Как-то раз я увидел его таким мрачным, каким и припомнить не мог, и подумал было, что он по-тихому свихнулся, пока где-то в метре от него не пролетела муха. Он молниеносно взмахнул рукой, поймал ее, раздавил и швырнул в пылающий камин. После этого он немного повеселел и заварил чай.

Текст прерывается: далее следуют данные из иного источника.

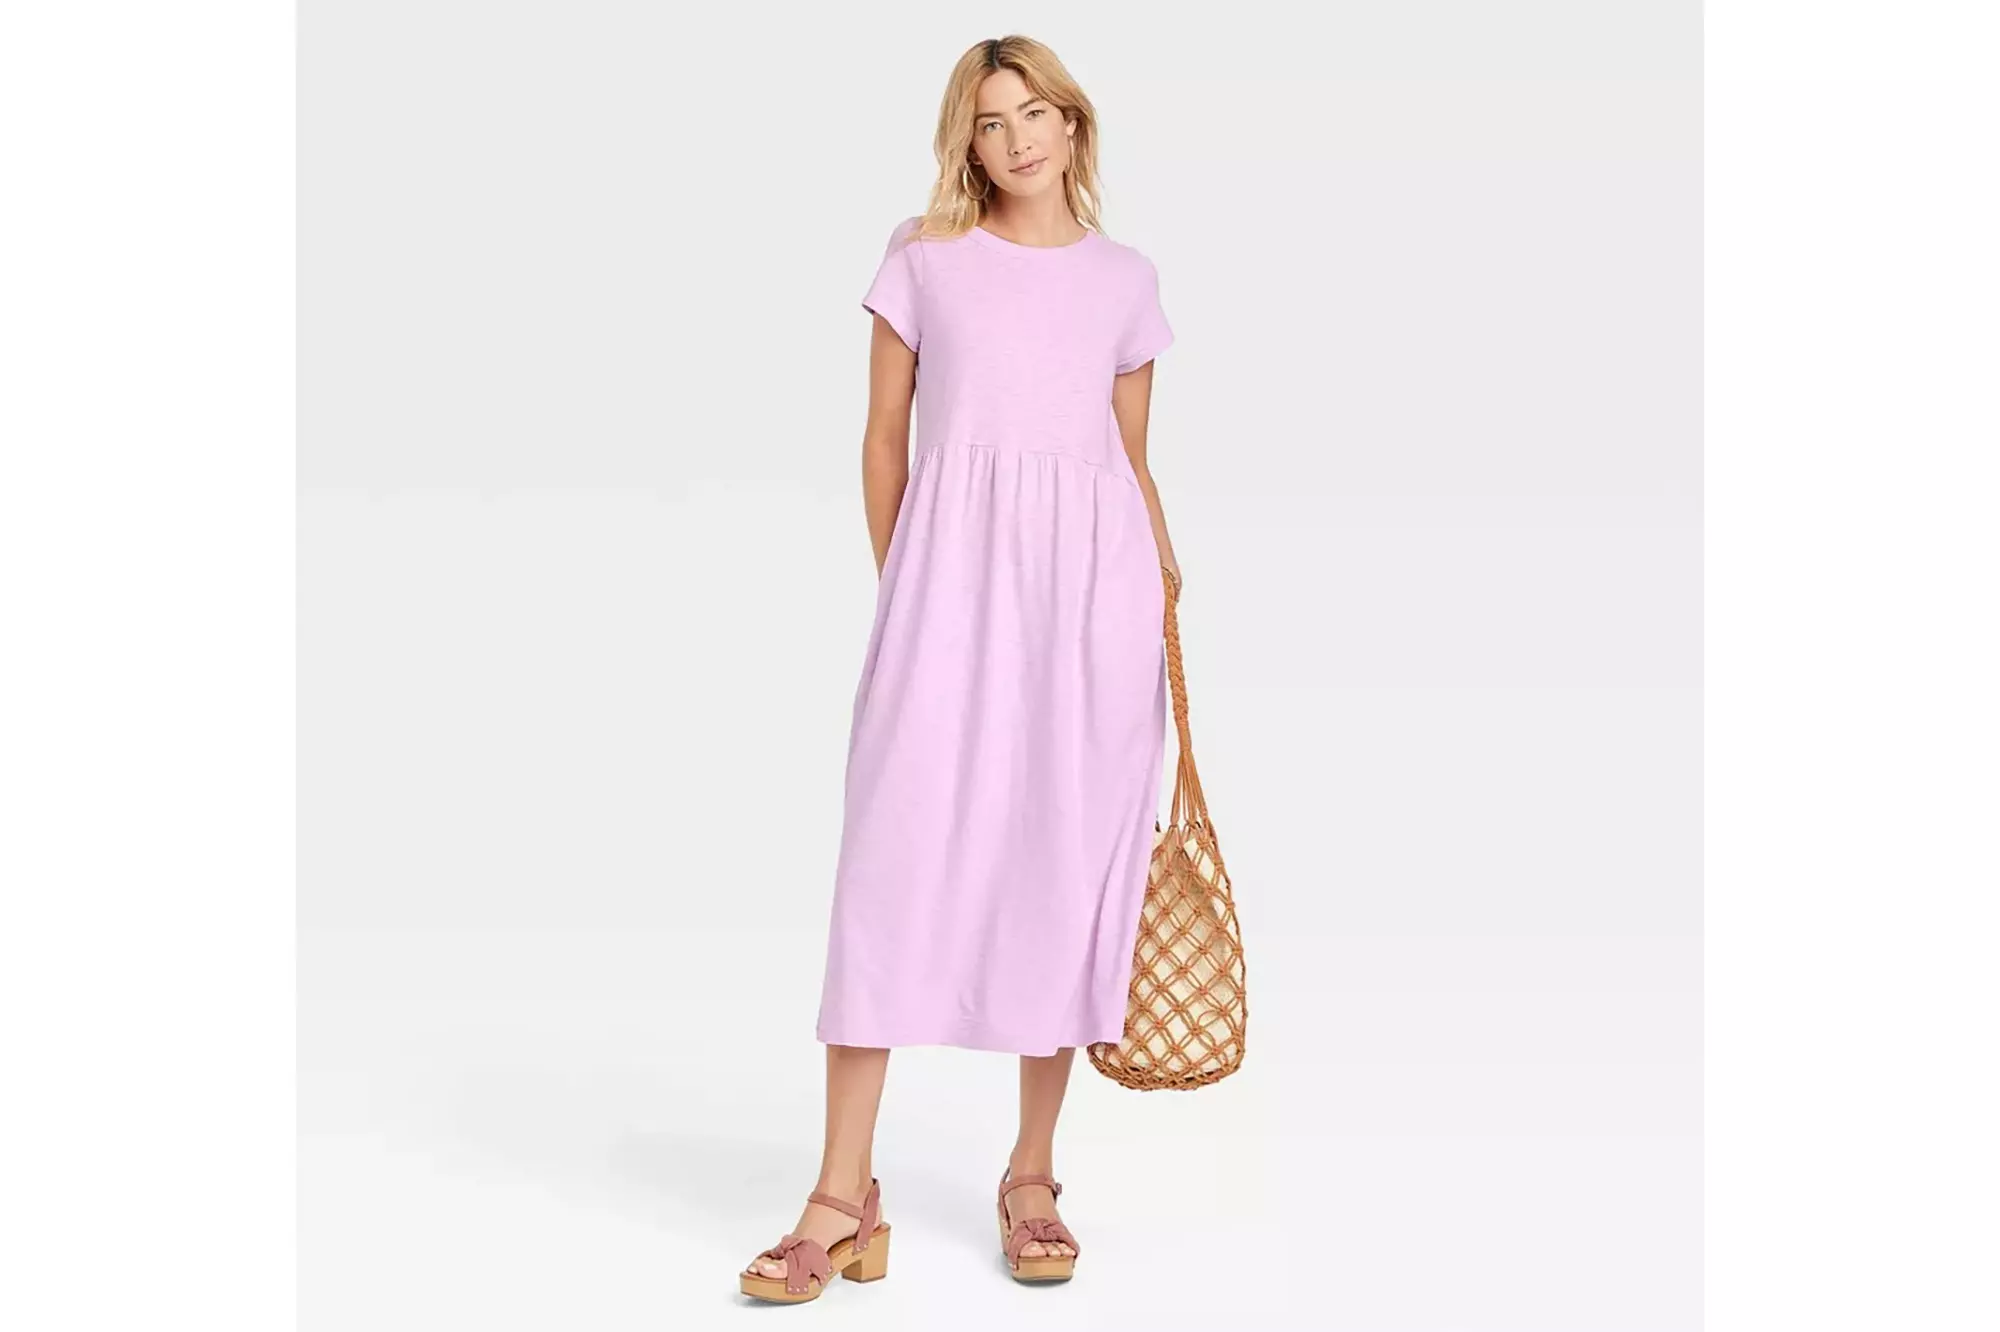 A pink babydoll dress

Ну вот, от этого и вся наша семья ходит хмурая. Может, это папаша заражает нас злобой на весь мир, а? Плохое настроение – это семейная черта. В каких-то семьях оно присутствует, в каких-то – нет. В нашей семье это есть, спору нет, и когда все у нас ходят туча тучей, то у нас действительно у всех на душе кошки скребут. Никто не знает, почему это на нас находит, и отчего мы бываем чернее грозовой тучи. Кого-то жизнь тоже достает, но выглядят они совсем неплохо. Они кажутся какими-то счастливыми, словно их выпустили из тюряги, где они отмотали срок за то, чего не делали, или вышли из киношки, где их восемь часов держали привязанными к креслам и заставляли смотреть дрянной фильм. Или не успели вскочить в автобус, за которым бежали полкилометра, и увидели, что автобус не тот, как только выбились из сил и остановились. Но в нашей семье – сущее наказание для всех остальных, если у кого-то одного на душе кошки скребут. Я много раз спрашивал себя, в чем тут штука, но ответа так и не находил, даже если бы сидел и часами ломал над этим голову, чего, должен признаться, я не делаю, хотя звучит это очень неплохо. Но я сижу и достаточно долго над этим думаю, пока мама не спрашивает меня, увидев, как я, сгорбившись, сижу у камина, как отец: «Что это ты такой смурной?» Так что лучше бросить об этом думать, иначе мне станет совсем не по себе, прямо как папаше, и я могу смести со стола всю посуду.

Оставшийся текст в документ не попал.